[Wikipedia-l] A parallel World Wide Web?

Ulrich Fuchs mail at ulrich-fuchs.de
Wed Jun 2 21:00:24 UTC 2004


> create an encyclopedia or database containing all the human knowledge.
> Of course this aim can never be reached, but it should be approximated

There is a difference between knowledge and information. Wikipedia contains 
too much information and too little knowledge. This results in attracting 
more and more people who think wikipedia is another good place to share 
information instead of knowledge, people who believe that their information 
is knowledge.
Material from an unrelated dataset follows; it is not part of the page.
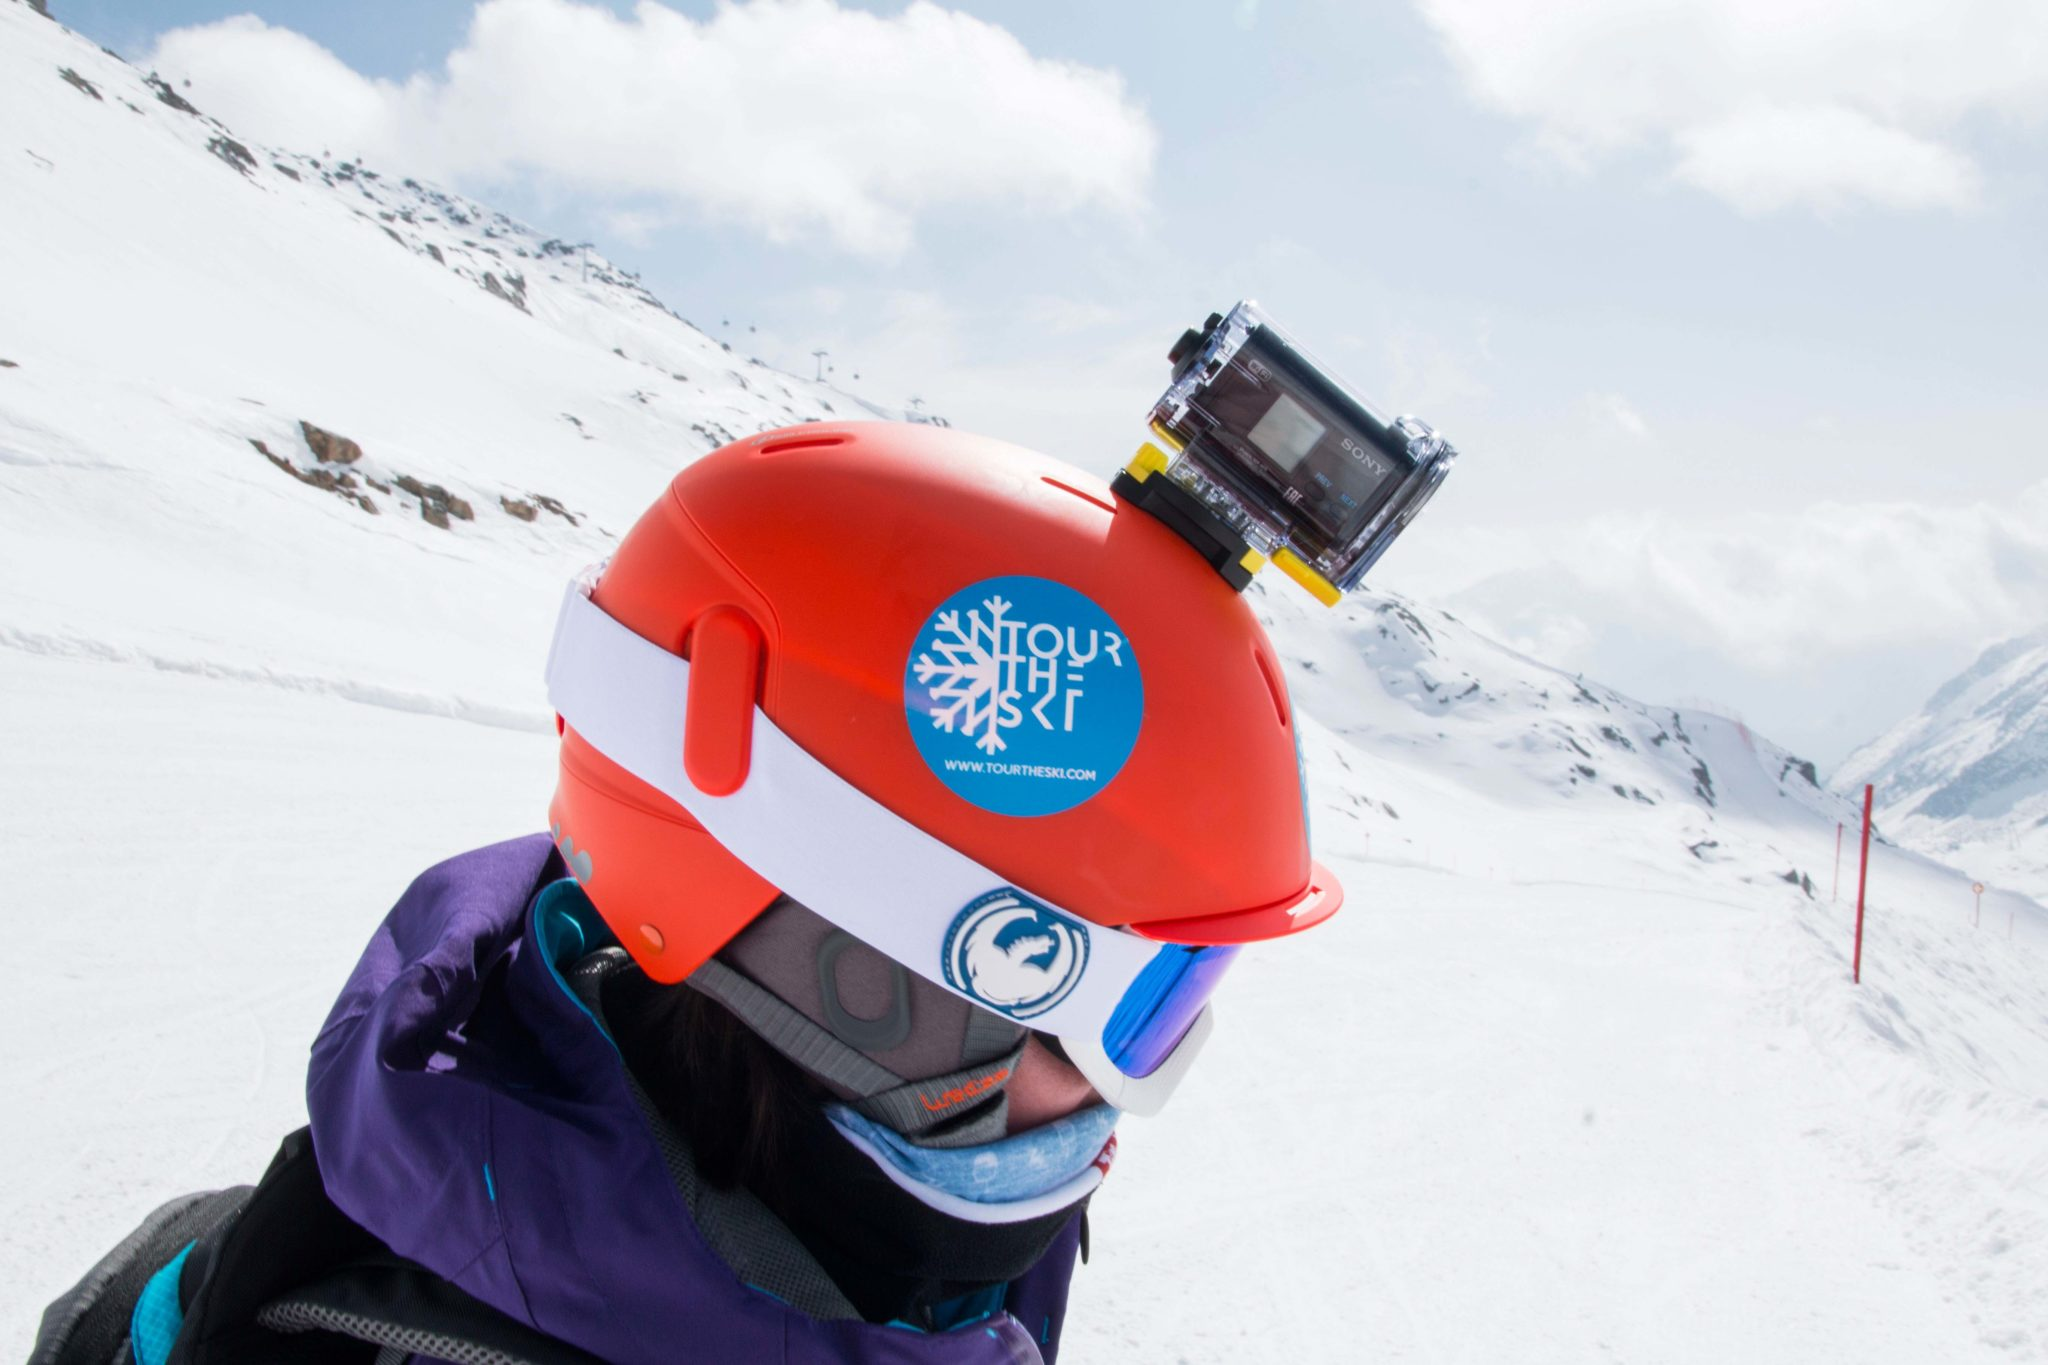 tour the ski – Austria 2015

In most cases it isn't.

To say it bluntly, the information contained in a "List of porn actors who 
died wearing a hobbit costume" isn't knowledge for 99.999999999% of the 
Wikipedia users. I agree that it might be knowledge for 0.000000001% if they 
are looking for that particular kind of information. However, if Wikipedia 
does contain that information to fulfill the needs of that little amount of 
users, that specific information is noise for the vast majority. Since there 
are no retrieval methods to sort out relevant from irrelevant information, 
the noise is there. (No, google does not work.)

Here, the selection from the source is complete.